Crafting “Artificial Intelligence”

A passionate advocate of symbolic approaches, mathematician John McCarthy is often credited with inventing the term “artificial intelligence,” including himself: “I invented the term artificial intelligence,” he explained, “when we were trying to raise money for a summer.” study” to aim at “the long-term goal of achieving intelligence at the human level.” The “summer study” in question was titled “The Dartmouth Summer Research Project on Artificial Intelligence,” and the requested funding came from the Rockefeller Foundation. At the time, a junior professor of mathematics at Dartmouth, McCarthy was assisted in introducing him to Rockefeller by his former mentor Claude Shannon. As McCarthy describes the positioning of the term, “Shannon thought artificial intelligence was too flashy a term and could attract unfavorable attention.” However, McCarthy wanted to avoid overlap with the existing field of “automata studies” (including “neural networks” and Turing machines) and took a position to declare a new field. “So I decided not to fly any more false flags.” The ambition was huge; the 1955 proposal stated that “every aspect of learning or any other characteristic of intelligence can, in principle, be described with such precision that a machine can be made to simulate it.” McCarthy ended up with more brain modelers than axiomatic mathematicians of the kind he wanted at the 1956 meeting, which came to be known as the Dartmouth Workshop. The event saw the coming together of various, often conflicting, efforts to make digital computers perform tasks considered intelligent, yet as historian of artificial intelligence Jonnie Penn argues, the absence of psychological expertise at the workshop meant that the description of the intelligence was “informed primarily by a set of specialists working outside of the human sciences.” Each participant saw the roots of their company differently. McCarthy recalled, “everyone who was there was pretty stubborn in following the ideas that had before I came, and as far as I could see, there was no real exchange of ideas.
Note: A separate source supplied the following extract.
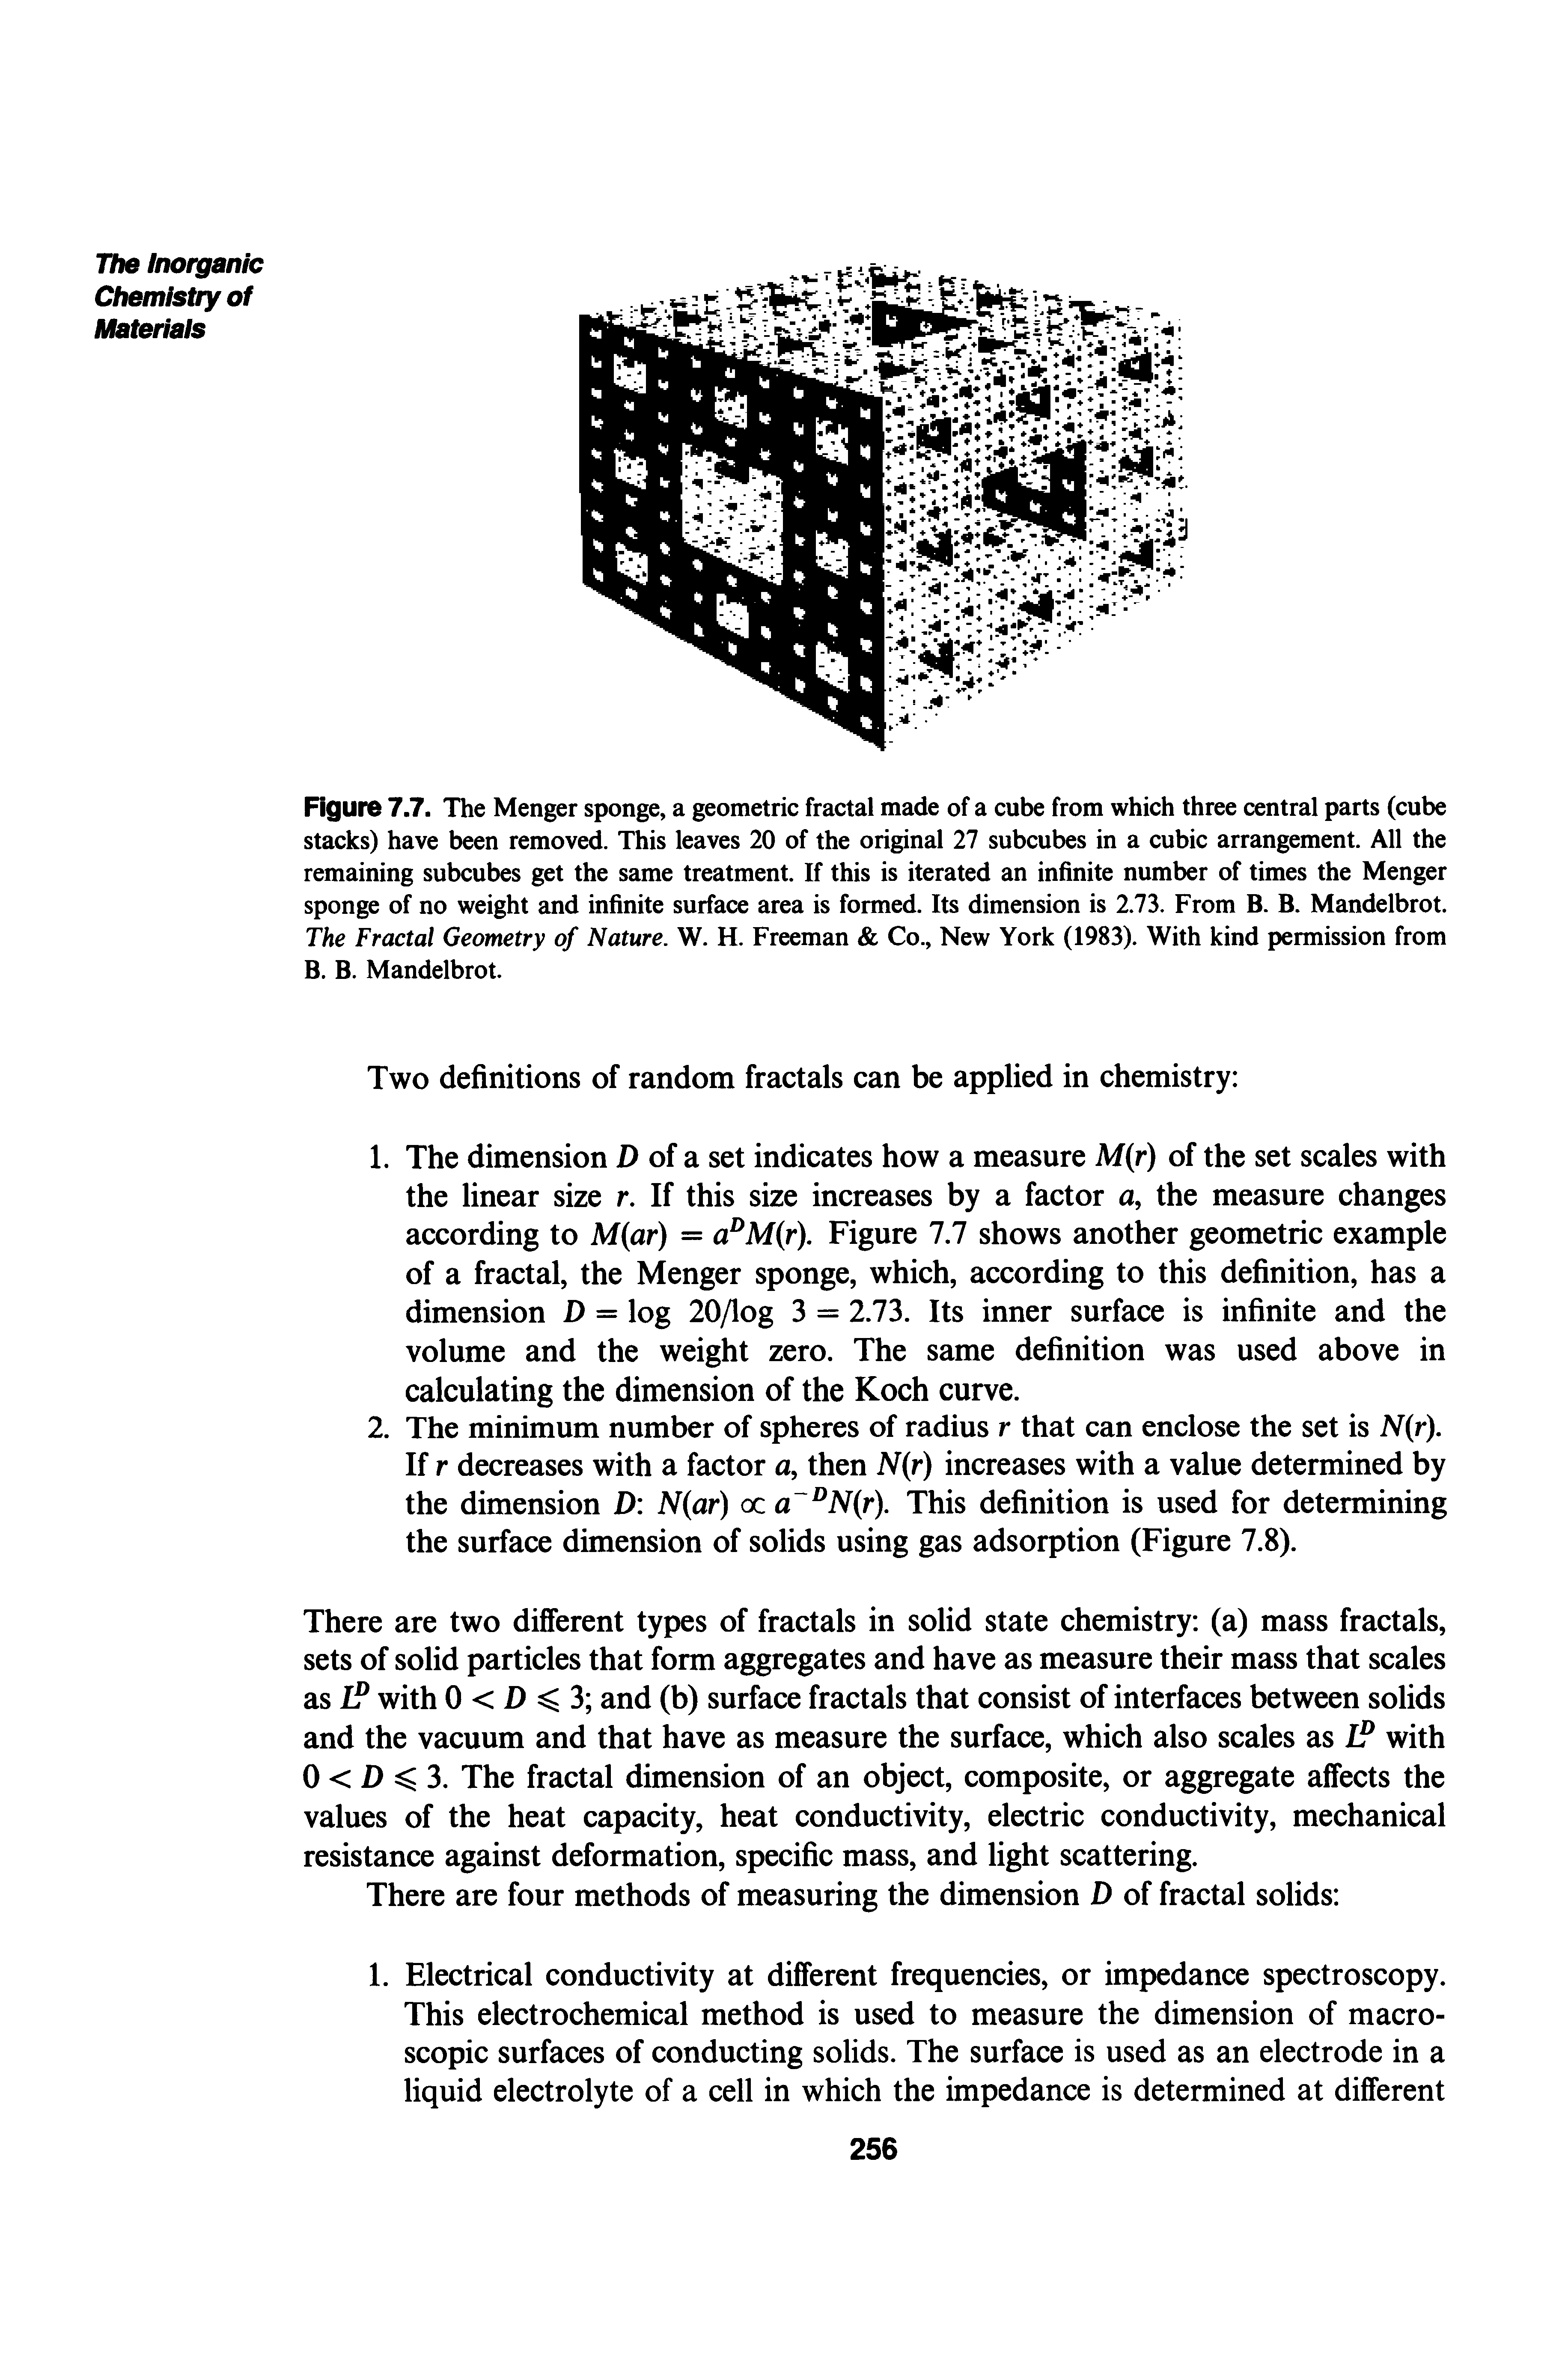 Figure 7.7. The Menger sponge, a geometric fractal made of a cube from which three central parts (cube stacks) have been removed. This leaves 20 of the original 27 subcubes in a cubic arrangement. All the remaining subcubes get the same treatment. If this is iterated an infinite number of times the Menger sponge of no weight and infinite surface area is formed. Its dimension is 2.73. From B. B. Mandelbrot. The Fractal Geometry of Nature. W. H. Freeman Co., New York (1983). With kind permission from B. B. Mandelbrot.

Like Turing’s 1950 paper, the 1955 proposal for a summer workshop on artificial intelligence seems incredibly prescient in retrospect. The seven problems that McCarthy, Shannon, and their collaborators set out to study became mainstays of computer science and the field of artificial intelligence:

  1. “Automatic computers” (programming languages)

  2. “How can you program a computer to use a language?” (natural language processing)

  3. “Neuron Nets” (neural networks and deep learning)

  4. “Theory of the Size of a Calculation” (computational complexity)

  5. “Self-improvement” (machine learning)

  6. “Abstractions” (feature engineering)

  7. “Randomness and Creativity” (Monte Carlo methods including stochastic learning).

The term “artificial intelligence”, in 1955, was an aspiration rather than a commitment to a method. AI, in this broad sense, involved both the discovery of what human intelligence comprises in attempting to create artificial intelligence, and a less philosophically charged effort simply to make computers do difficult things that a human might attempt.

Just a few of these aspirations fueled the efforts that, in today’s usage, became synonymous with artificial intelligence: the idea that machines can learn from data. Among computer scientists, learning from data would be looked down upon for generations.

Most of the first half century of artificial intelligence was focused on combining logic with knowledge encoded in machines. The data collected from daily activities was not the focus; it paled in prestige next to logic. In the last five years, artificial intelligence and machine learning have begun to be used interchangeably; it’s a powerful thought exercise to remind yourself that it didn’t have to be this way. For the first few decades in the life of artificial intelligence, learning from data seemed like the wrong approach, an unscientific approach, used by those unwilling to “just program” knowledge into the computer. Before data ruled, rules did.

For all their enthusiasm, most of the participants in the Dartmouth workshop brought few concrete results. One group was different. A team from the RAND Corporation, led by Herbert Simon, had brought the products in the form of an automatic theorem prover. This algorithm could produce proofs of basic arithmetic and logical theorems. But the math was just a test case for them. As historian Hunter Heyck has emphasized, that group began less with computing or mathematics than with studying how to understand large bureaucratic organizations and the psychology of the people who solve problems within them. For Simon and Newell, human brains and computers were problem solvers of the same kind.

Our position is that the appropriate way to describe a part of problem-solving behavior is in terms of a program: a specification of what the organism will do under various environmental circumstances in terms of certain elementary information processes that it is capable of performing. . Digital computers enter the picture only because they can, through proper programming, be induced to execute the same sequences of information processing that humans execute when solving problems. Therefore, as we will see, these programs describe both human and mechanical problem solving at the level of information processes.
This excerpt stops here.